### Ecological Diversity Statistics Assignment: TESC Carabidae

#### Biodiversity and Global Change, Longino and Chin-Leo, Fall 1998

I am posting two data sets. The first one is a condensed format dataset that we will use for this assignment. The complete dataset is described at the end of this document.

In the condensed format dataset, the sample unit is a transect-day. There are a total of 86 transect-days. In 1992 transects A-G were sampled once each week for the first 7 weeks of the quarter. In 1994 transects A-G were sampled one time during week 2 of the quarter. In 1998 transects A-H,J,K were sampled on three consecutive days during week 2 of the quarter.

Structure of the dataset: transects are columns, species are rows. The first column contains variable labels. Row 1 is the year. Row 2 is the time period. Row 3 is the transect. Rows 4-31 are the abundances of 28 species. See the bottom of this document for the table of species codes, and link to the TESC Biota pages where the species are described.

Task 1. For each transect day, calculate total abundance, species richness, and Berger-Parker index. Examine the distributions of these variables. How has density, species richness, and evenness varied over the course of sampling? Plot these variables as a function of time period, over the 11 time periods from period 1 of 1992 to period 3 of 1998. Use your observations of the distributions of these variables to determine whether to use a log scale.

Task 2. Produce rank-log abundance plots for each year. How do they compare? Do carabids on the TESC campus exhibit a geometric distribution? Log series? Lognormal? Based on your results from tasks 1 and 2, does it look like carabid diversity is changing on campus?

Notes on species accumulation curves:

What is the rate of species accumulation in a sampling program? This question alone has no pretensions of describing community characteristics (although it can be applied to estimating community species richness; see below). The question has relevance to what is called "strict inventory," in which a goal is getting the largest possible species list for the least effort. Strict inventory is practiced by taxonomists who wish to efficiently sample many taxa for museum study.

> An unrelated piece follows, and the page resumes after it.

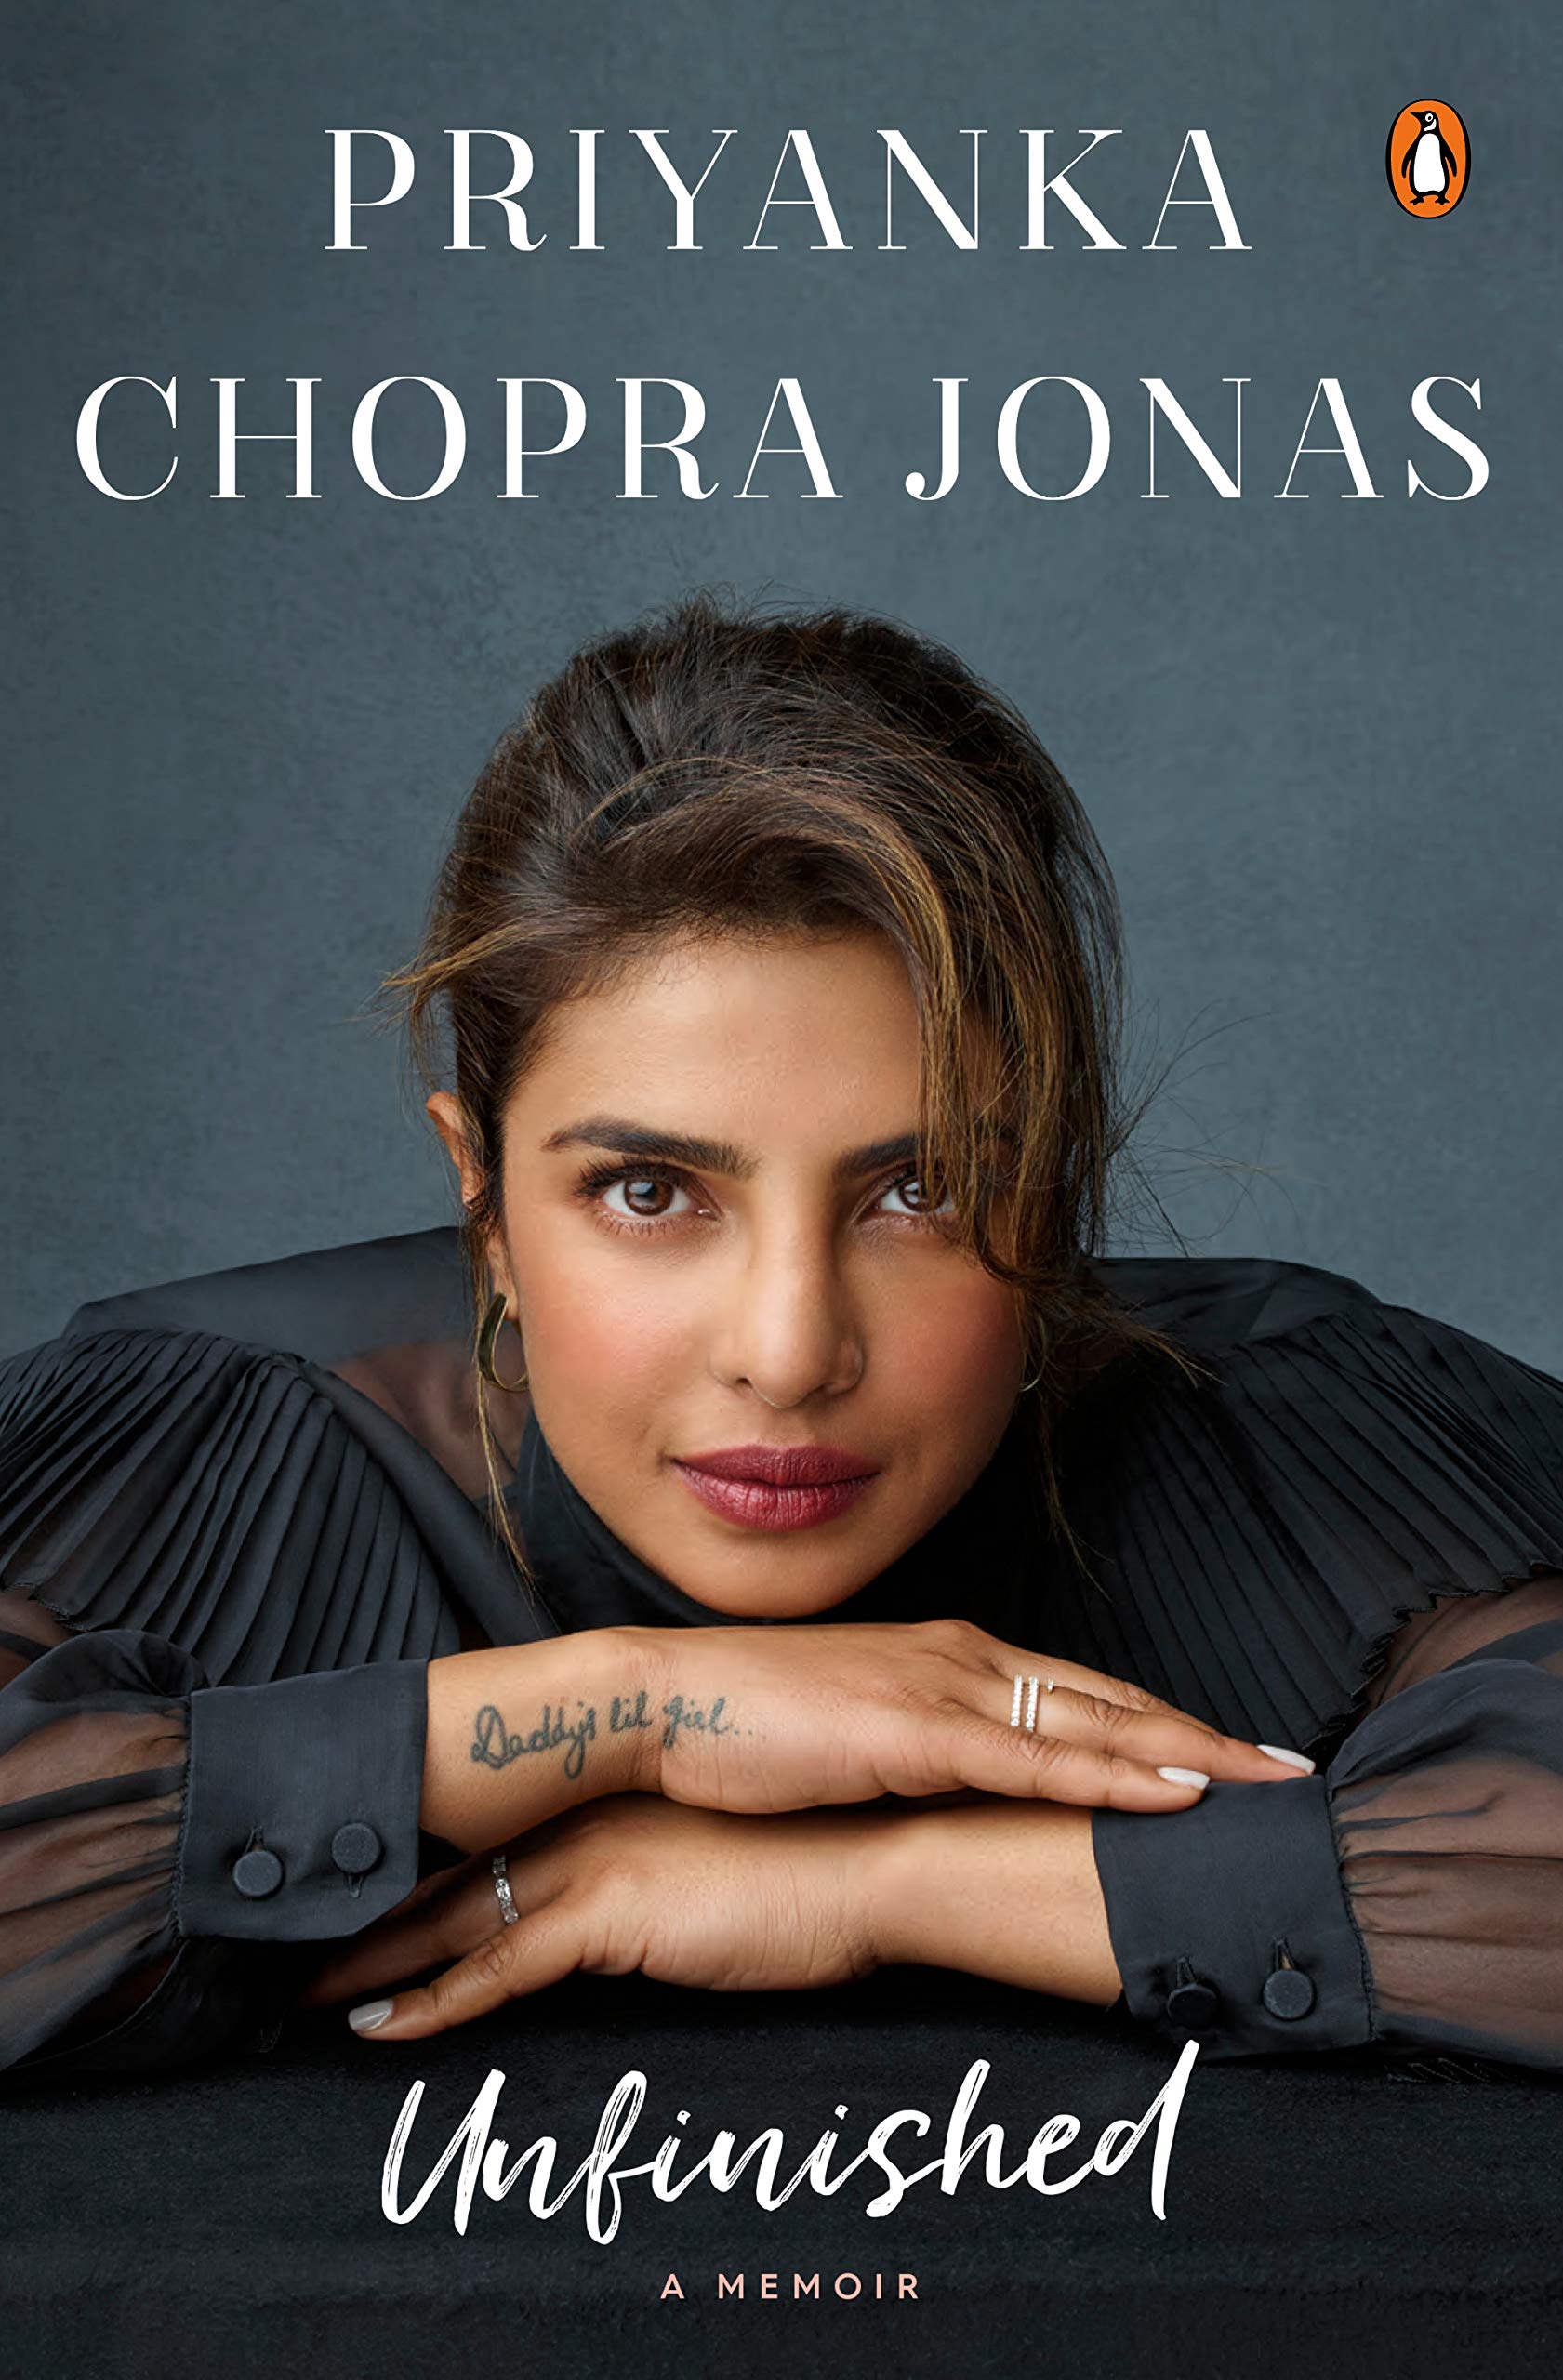 unfinished-a-memoir-by-priyanka-chopra-jonas-hardcover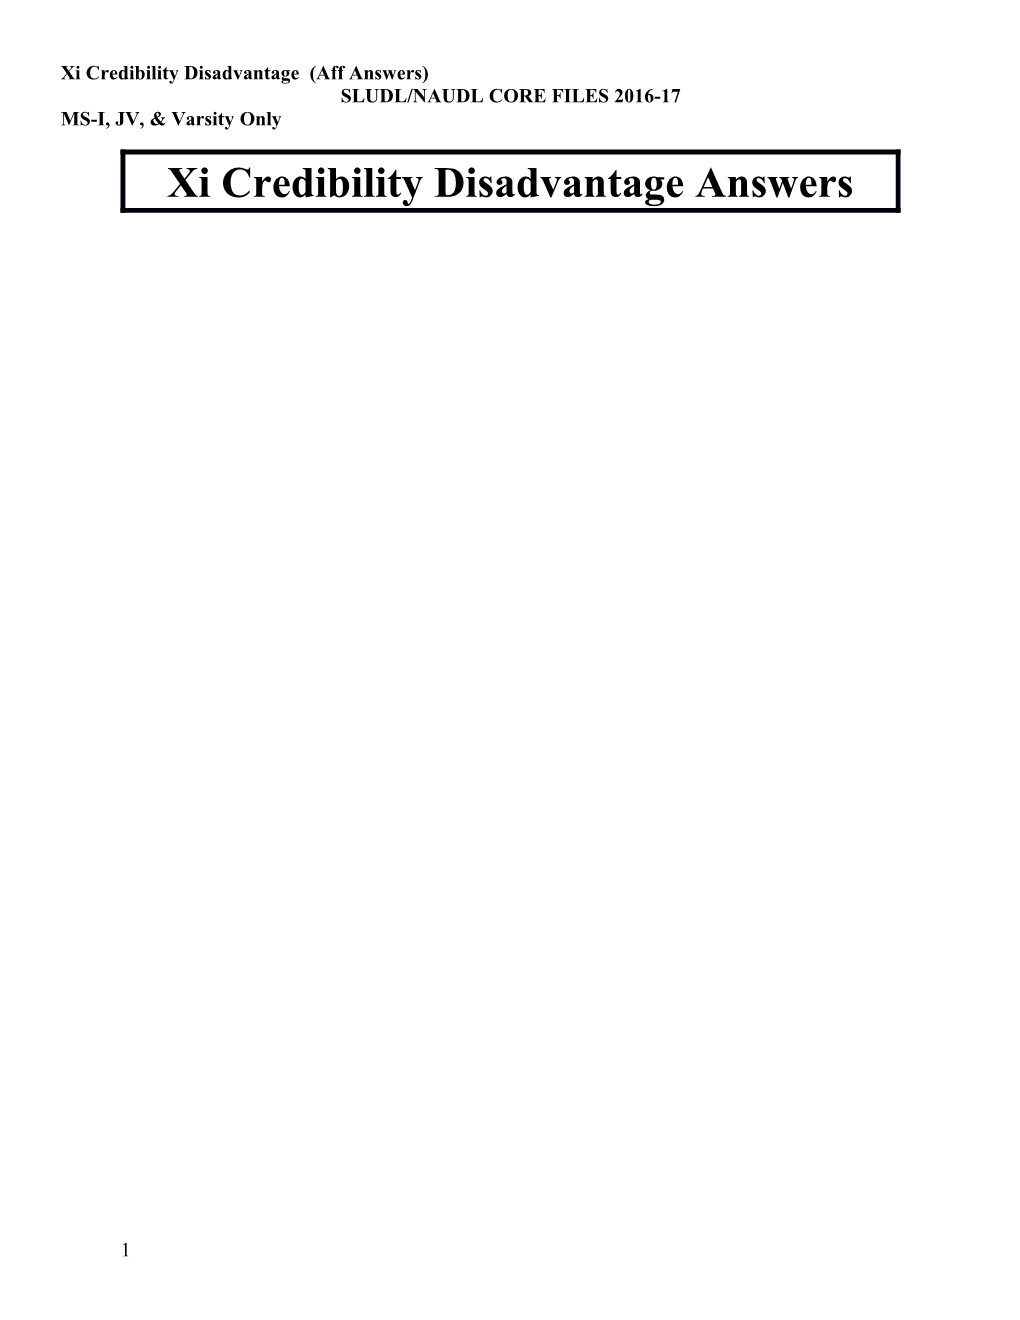 Xi Credibility Disadvantage (Aff Answers)SLUDL/NAUDL CORE FILES 2016-17

The rate of species accumulation is observed with a species accumulation curve. A species accumulation curve has some measure of effort, usually number of samples, on the horizontal axis, and cumulative number of species on the vertical axis. A particular ordering of samples produces a particular species accumulation curve. The last point on the curve will be the total number of species observed among all the samples. Changing the order of samples may change the shape of the curve, but not the endpoint. A smoothed or average species accumulation curve can be produced by repeatedly randomizing sample order, calculating a species accumulation curve for each randomization, and averaging the resultant curves. The curve for a highly undersampled fauna will be nearly linear, with each new sample adding many new species to the inventory. The curve for a thoroughly sampled fauna will reach a plateau, with few or no species being added with additional sampling.

Rob Colwell, a community ecologist at the University of Connecticut, has developed a powerful tool for the analysis of ecological data. The program is called EstimateS (the link will take you to Colwell's Web site, which has the manual on-line), and we will use it to analyze our carabid data from the TESC campus.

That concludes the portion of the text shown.